We find that the detection performance of the model gradually declines with the increase of the proportion of synthetic data. This shows that augmented synthetic data can play an auxiliary role in model training, but can not replace the original data.

Considering the limited time resources, we can only provide results of very limited ratio settings. We will present more detailed experiments and analyses in the final version.

评论

Thanks for the answers. It solved my concerns. I tend to raise my rating.

评论

Thanks for your reply! We are glad that our responses solve your concerns. We kindly remind you that you may need to update the score accordingly.

审稿意见
5

Visual 3D object detection is an important task in the 3D perception system. However, labeling 3D data is extremely expensive and the diversity of training data plays an important role in deep learning. To this end, this work proposes a rendering-based instance-level data augmentation method for image-based 3D detection. In particular, this method extracts image features from sequences and aligns them with associated LiDAR point clouds, and augments the objects in the 3D space. After that, a neural scene renderer is adapted to generate the 2D images with the augmented objects. The experiments on the nuScenes with two base detectors show the effectiveness of the proposed data augmentation strategy.

优点

  • The work is well-motivated. The diversity of training data plays an important role in deep learning, and conducting data augmentation is really hard for 3D detection due to the geometric consistency. Therefore, exploring effective 3D data augmentation methods is a meaningful topic.
  • The experiments on nuScenes dataset show the effectiveness of the proposed method.

缺点

  • The overall data-augmentation process is complex, involving multiple additional data, such as point cloud, sample sequences, external renders, etc.
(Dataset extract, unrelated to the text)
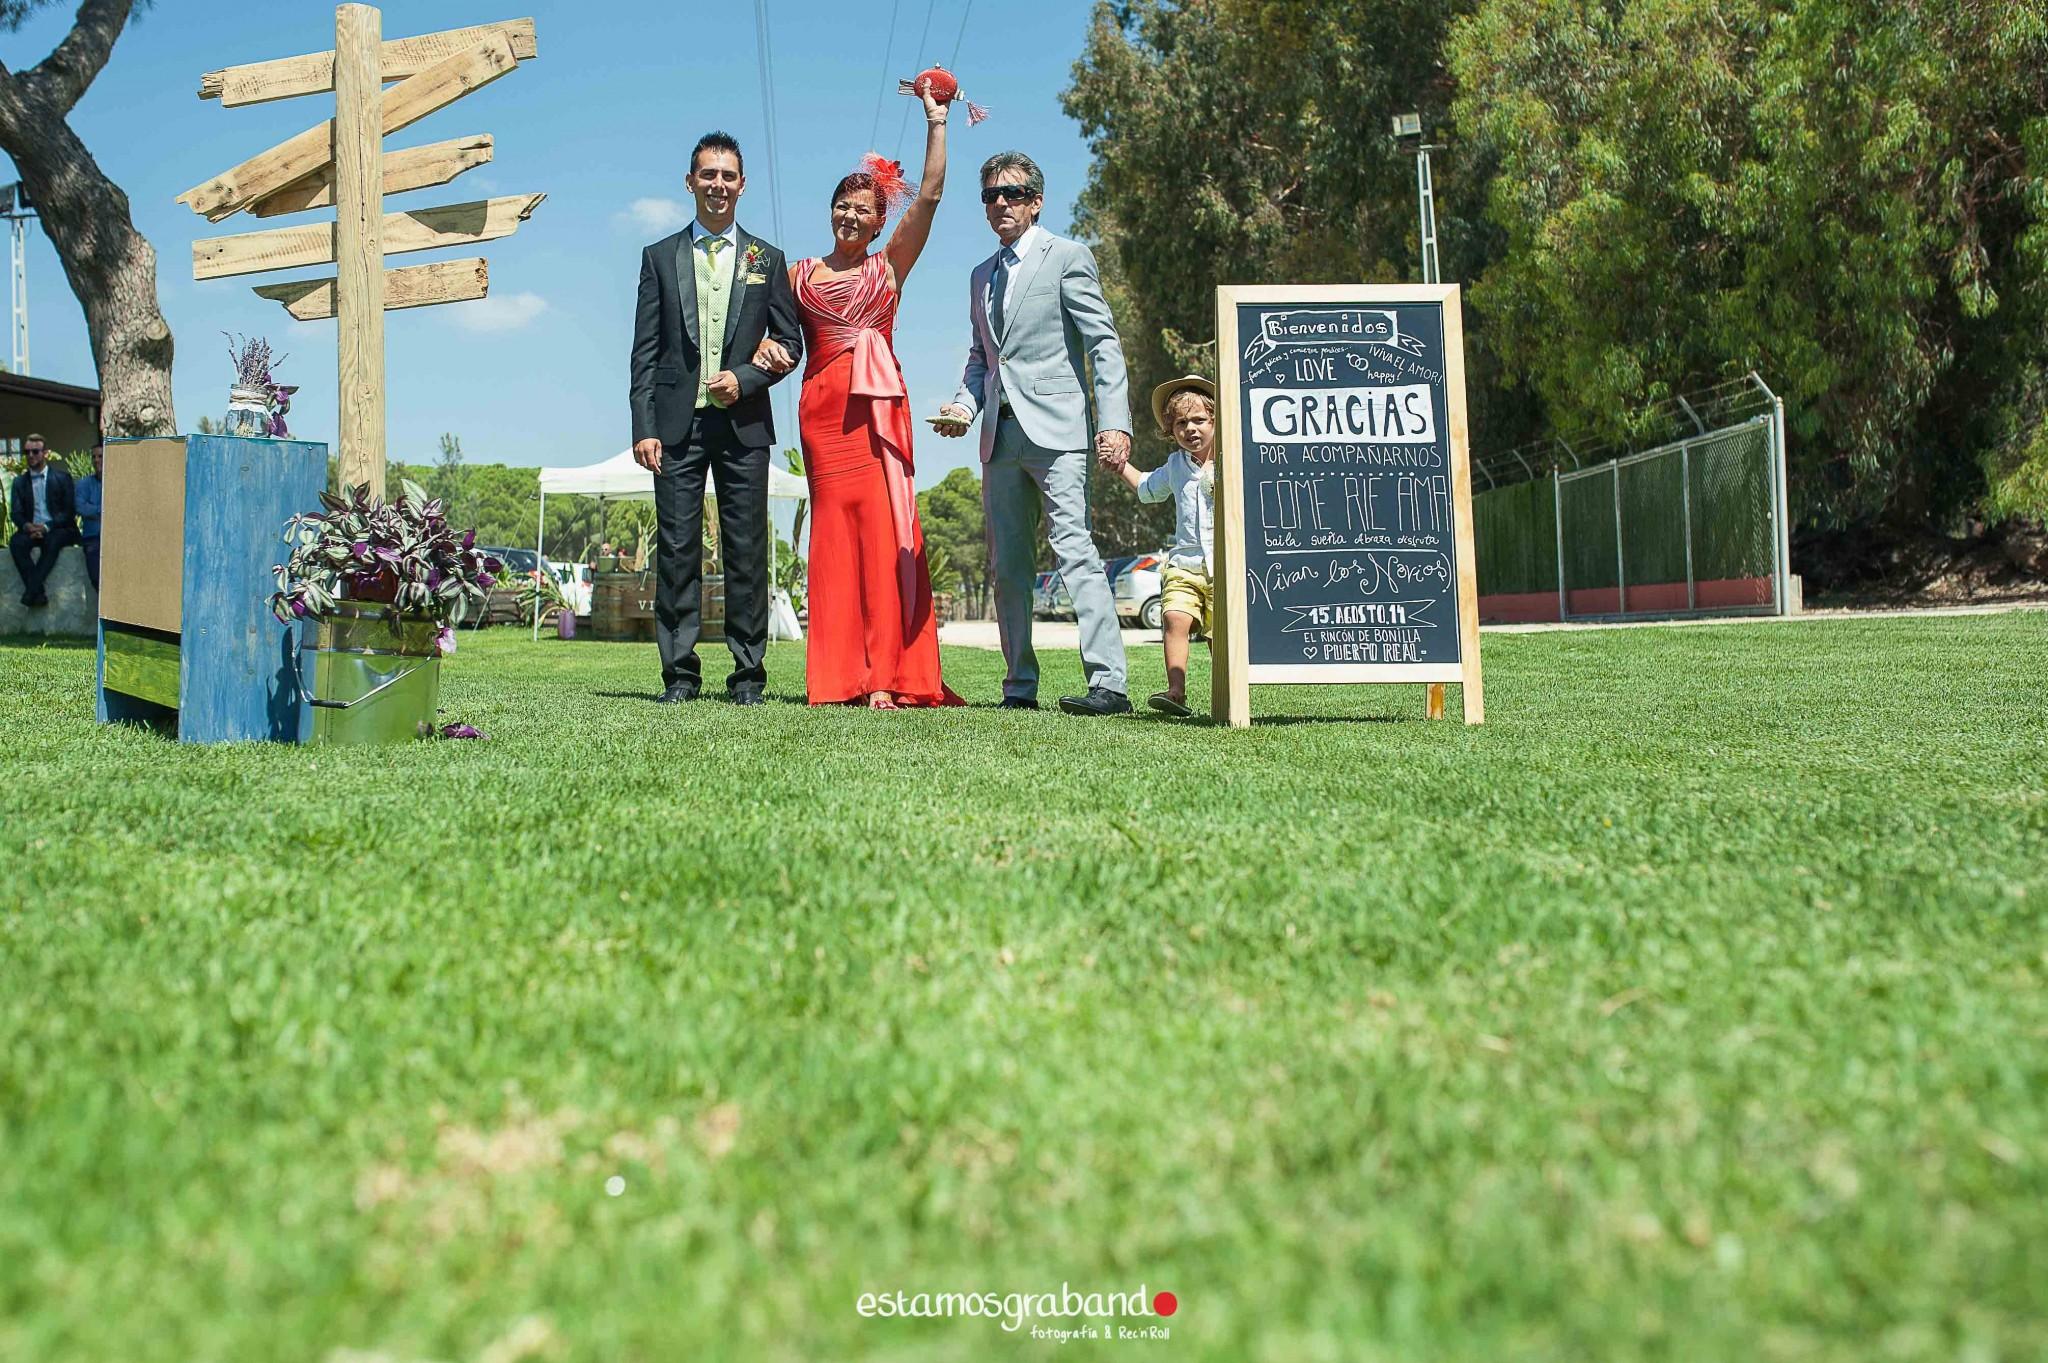 pili-y-jose_fotograficc81a-cadiz-34 Pili & Jose - video boda cadiz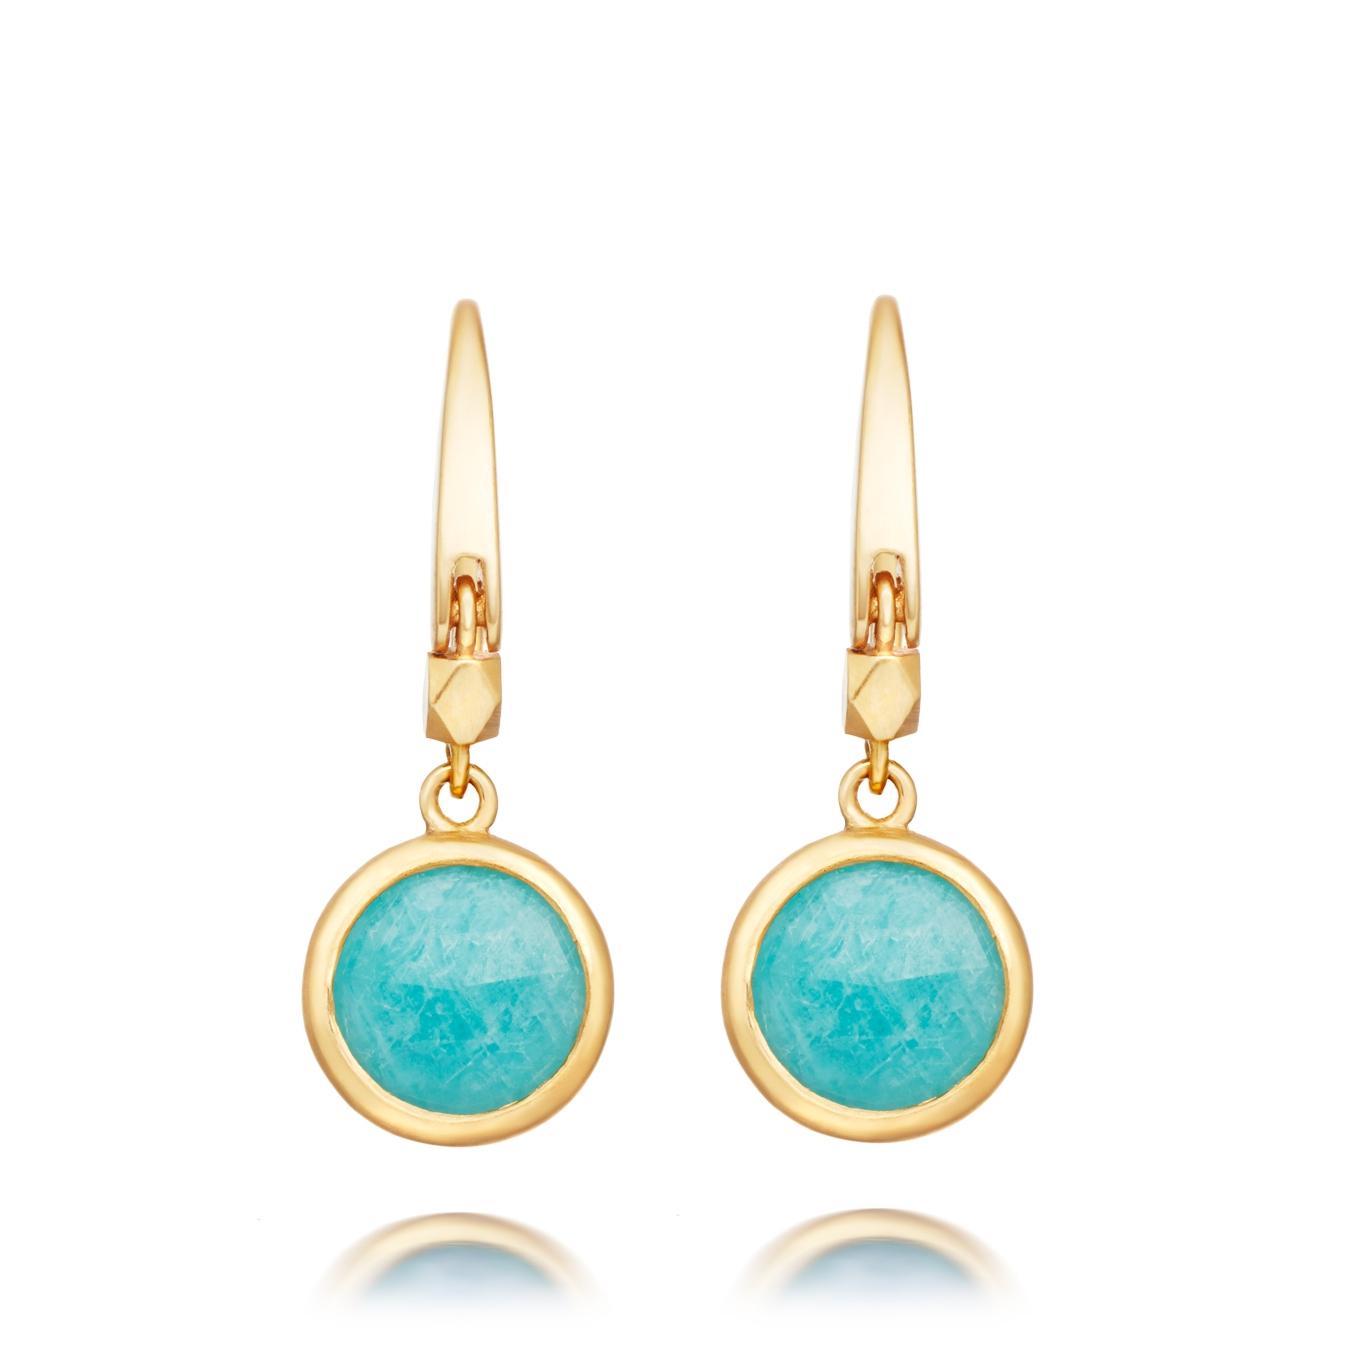 Mini Amazonite Round Stilla Drop Earrings

Considering this, performance improvement is limited, maybe evaluating a smaller dataset, such as KITTI, can better show the effectiveness of this data augmentation method.

  • Besides, the computation cost will be inevitably increased. The cost of generating the new training samples should be reported.

  • The authors only report the results on the nuScenes validation set, and the test set should also be presented.

  • ROI-10D [1] also provides an instance-level data augmentation method for image-based 3D detection. Discussion and comparison should be included.

References: [1] ROI-10D: Monocular Lifting of 2D Detection to 6D Pose and Metric Shape, CVPR'19 (also see the supp)

问题

See weaknesses.

评论

We sincerely appreciate your feedback and suggestions. We are greatly encouraged that you found our method is 'well-motivated' and 'effective'. We conduct extensive studies and added experimental evaluations to comprehensively address your concerns.

Q1. Evaluation on a smaller dataset.

Thank you for your suggestions. We conduct validation on a smaller dataset.

  • We have successfully implemented the scene reconstruction method on the KITTI dataset. Visualization can be found at anonymous URL https://anonymous.4open.science/r/kittivisualization/kittivis.png

  • Unfortunately, due to inherent limitations in the KITTI dataset, further editing of the reconstructed scenes is not feasible.

    The proposed augmentation method requires the dataset to provide two types of labels: the driving trajectory of the ego and the bounding boxes of objects. Regrettably, sequences in the KITTI dataset often do not concurrently possess both of these labels.

    Specifically, in the KITTI Visual Odometry dataset, a subset of sequences from the original KITTI raw dataset is annotated with vehicle trajectories, while another subset in the KITTI detection dataset is annotated with object bounding boxes. Notably, there is no overlap between the sets of sequences annotated for these two types of labels.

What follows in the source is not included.